→ **TASK DESCRIPTION**:
The data below should be printed in full, exactly, and without any of its images.
*** Opening of DATA SHOWN ***
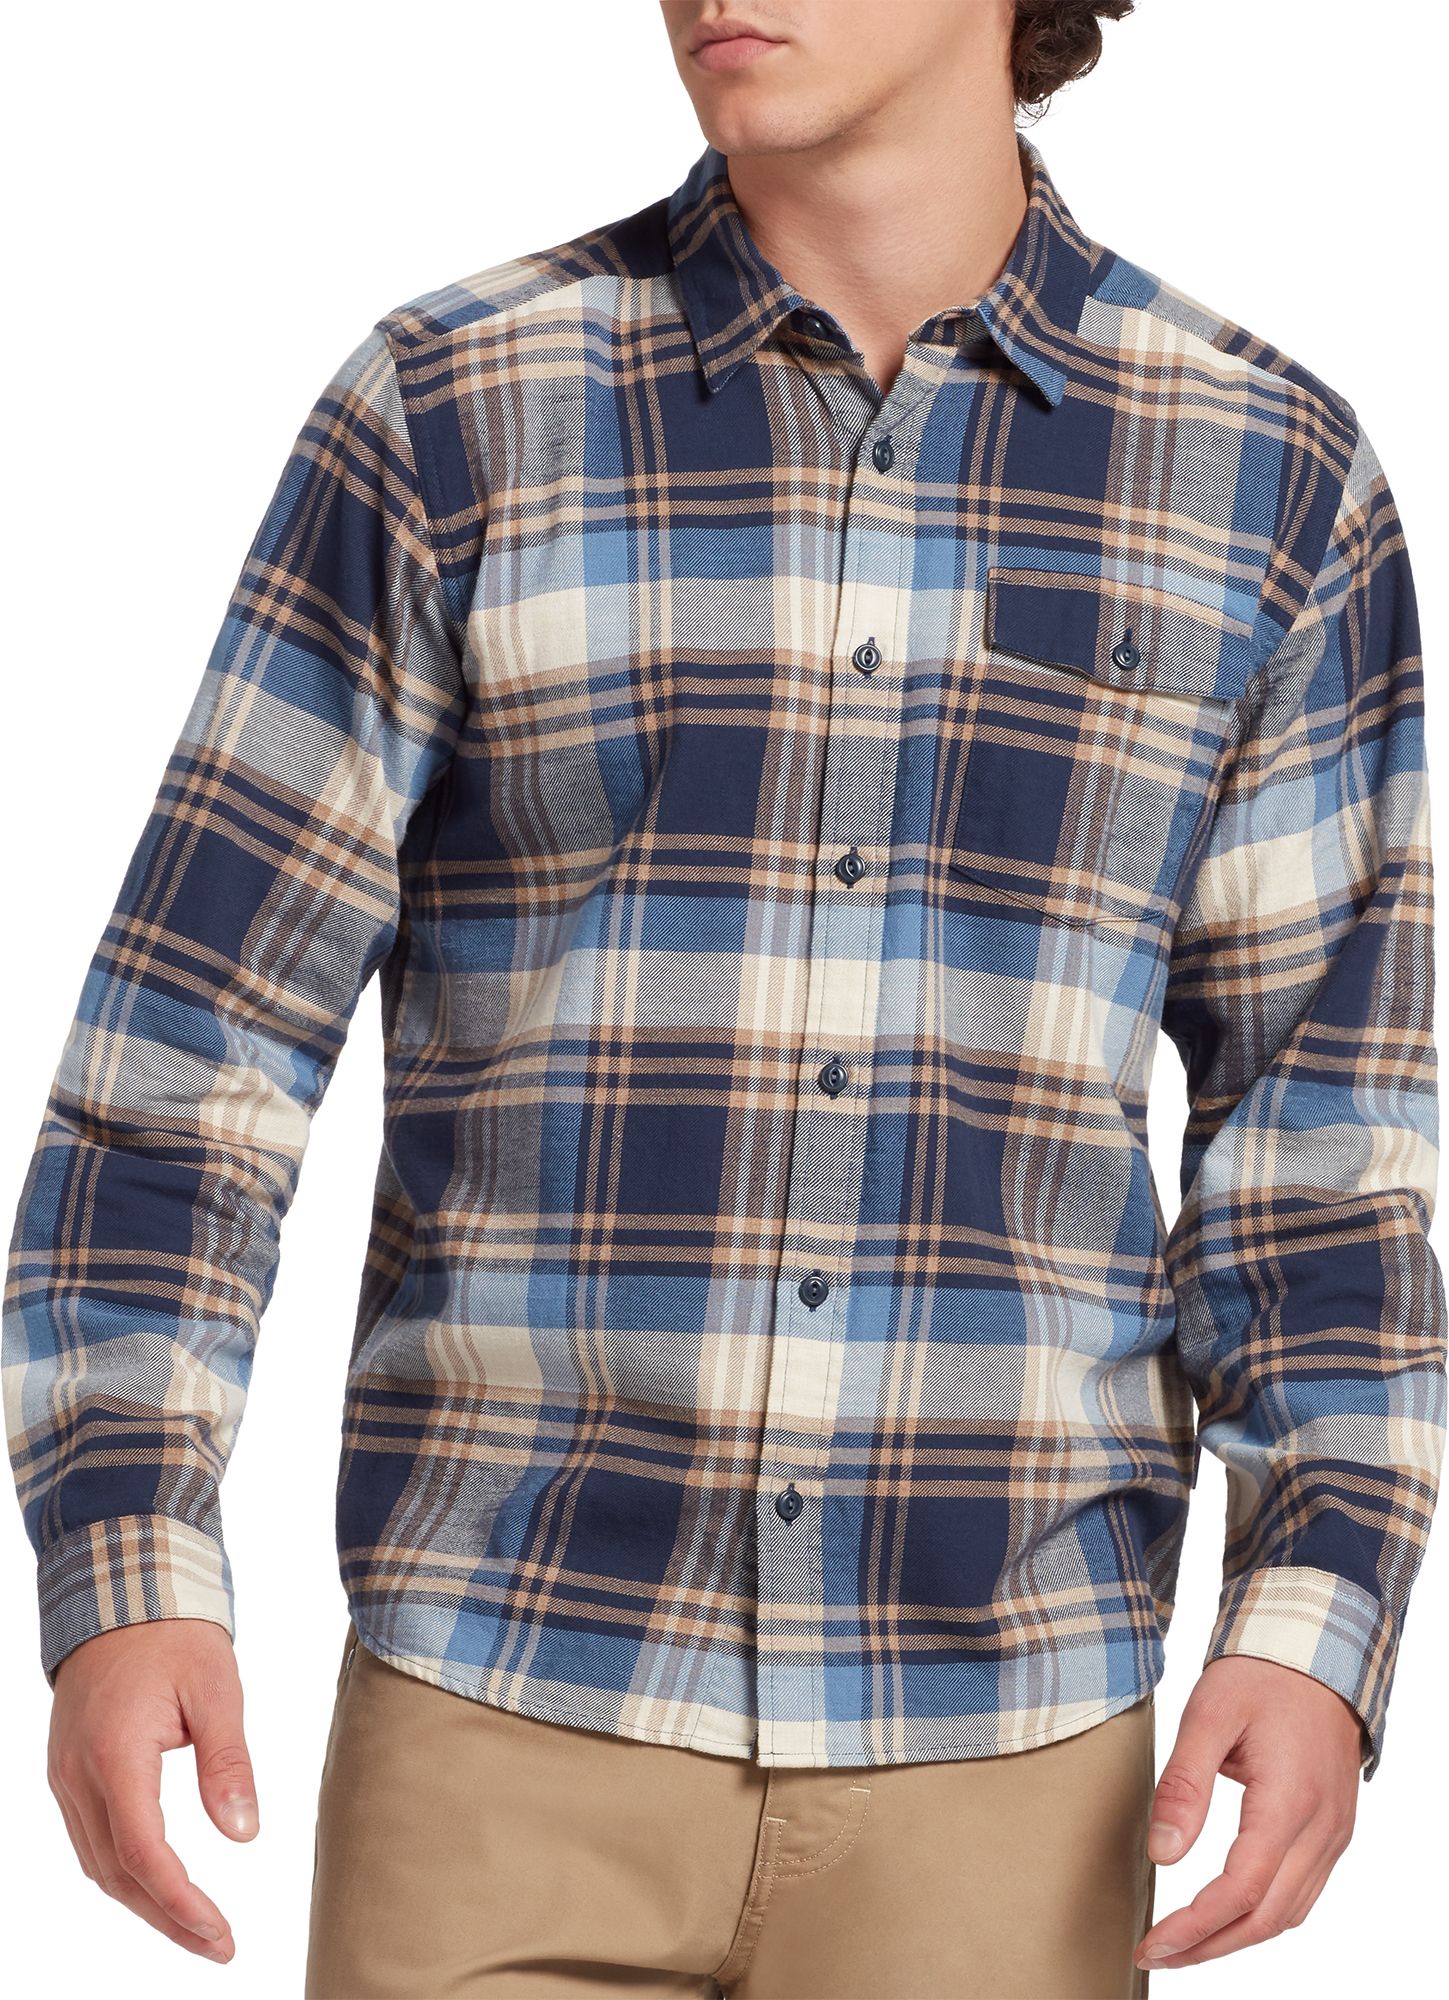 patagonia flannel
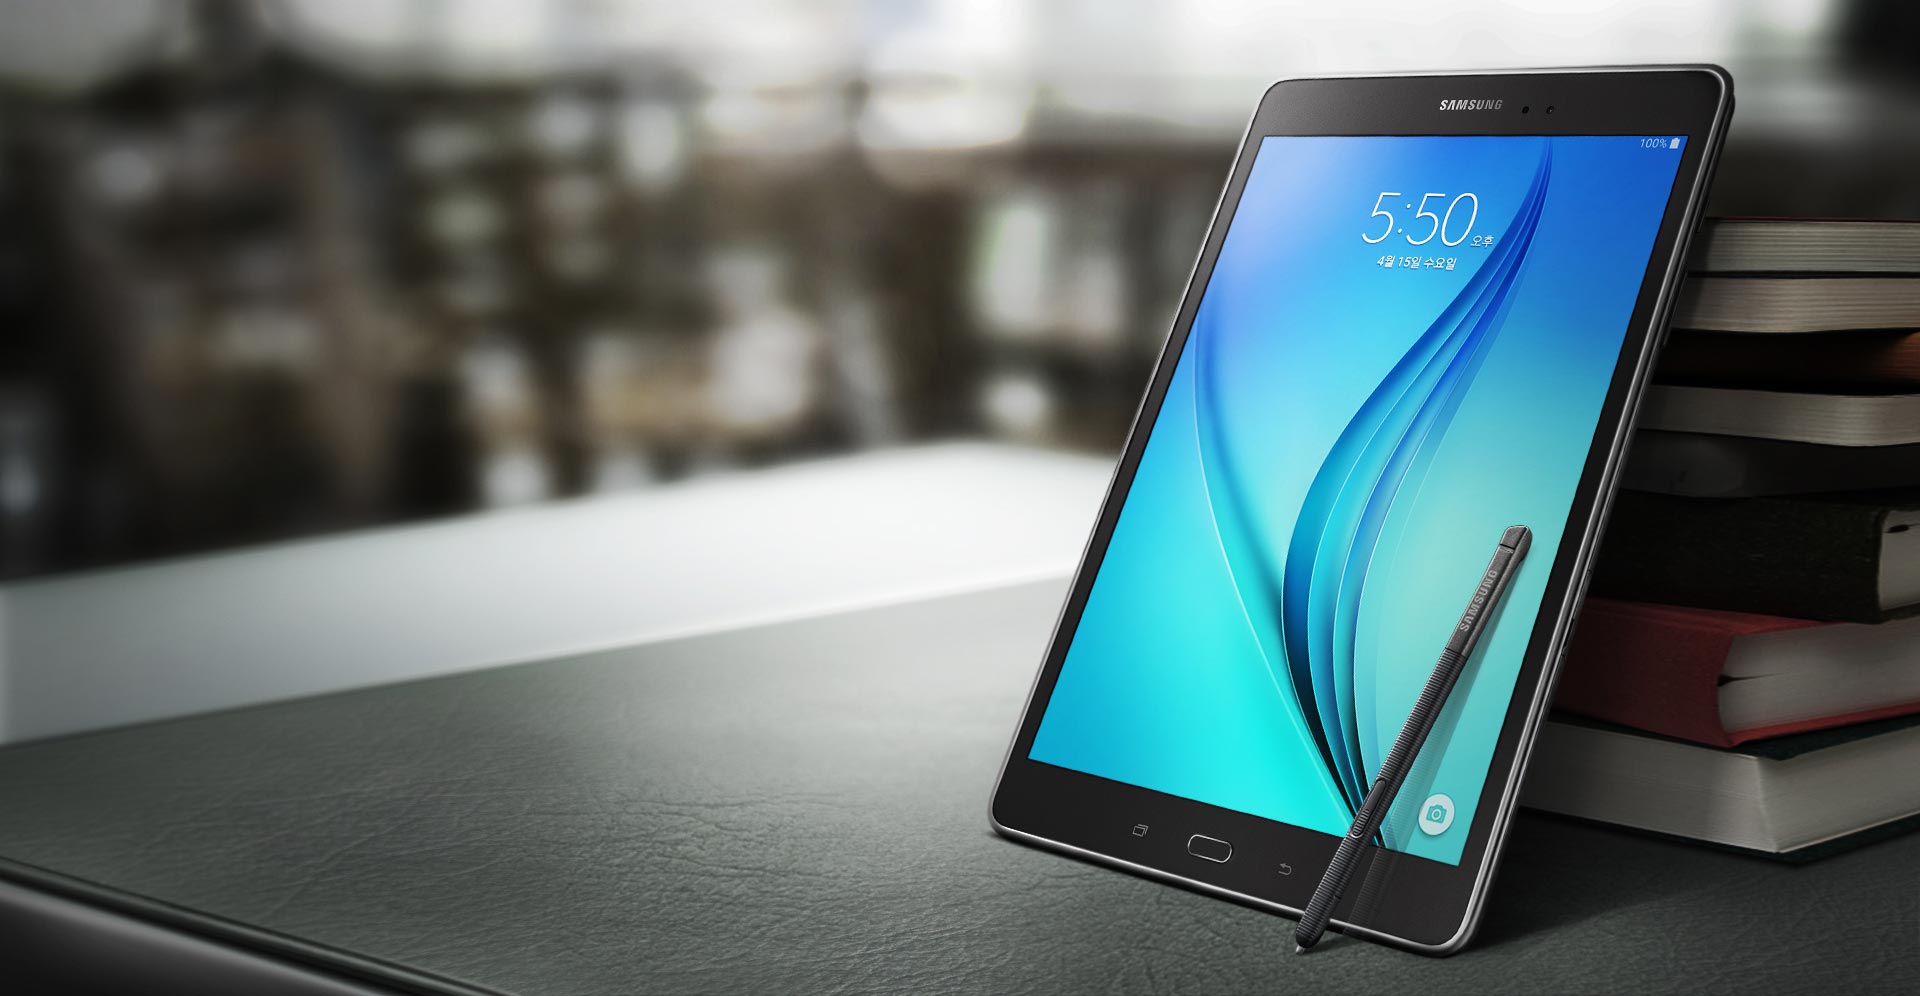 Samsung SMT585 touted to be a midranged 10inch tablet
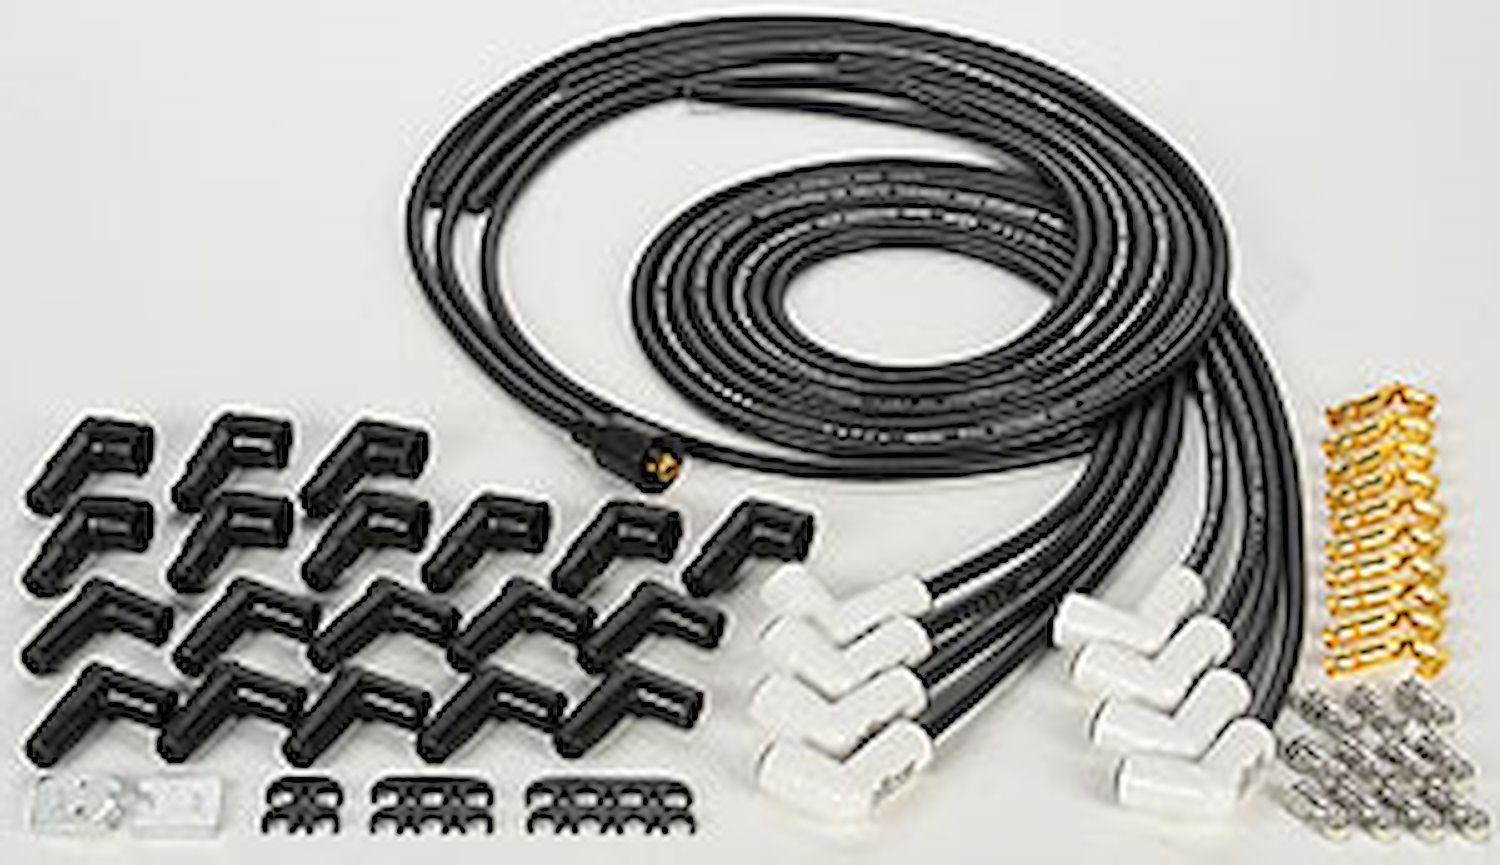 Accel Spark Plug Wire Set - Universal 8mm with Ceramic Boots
*** Close of DATA SHOWN ***
→ **EXERCISE RESULT**:
 patagonia flannel
 Samsung SMT585 touted to be a midranged 10inch tablet
 Accel Spark Plug Wire Set - Universal 8mm with Ceramic Boots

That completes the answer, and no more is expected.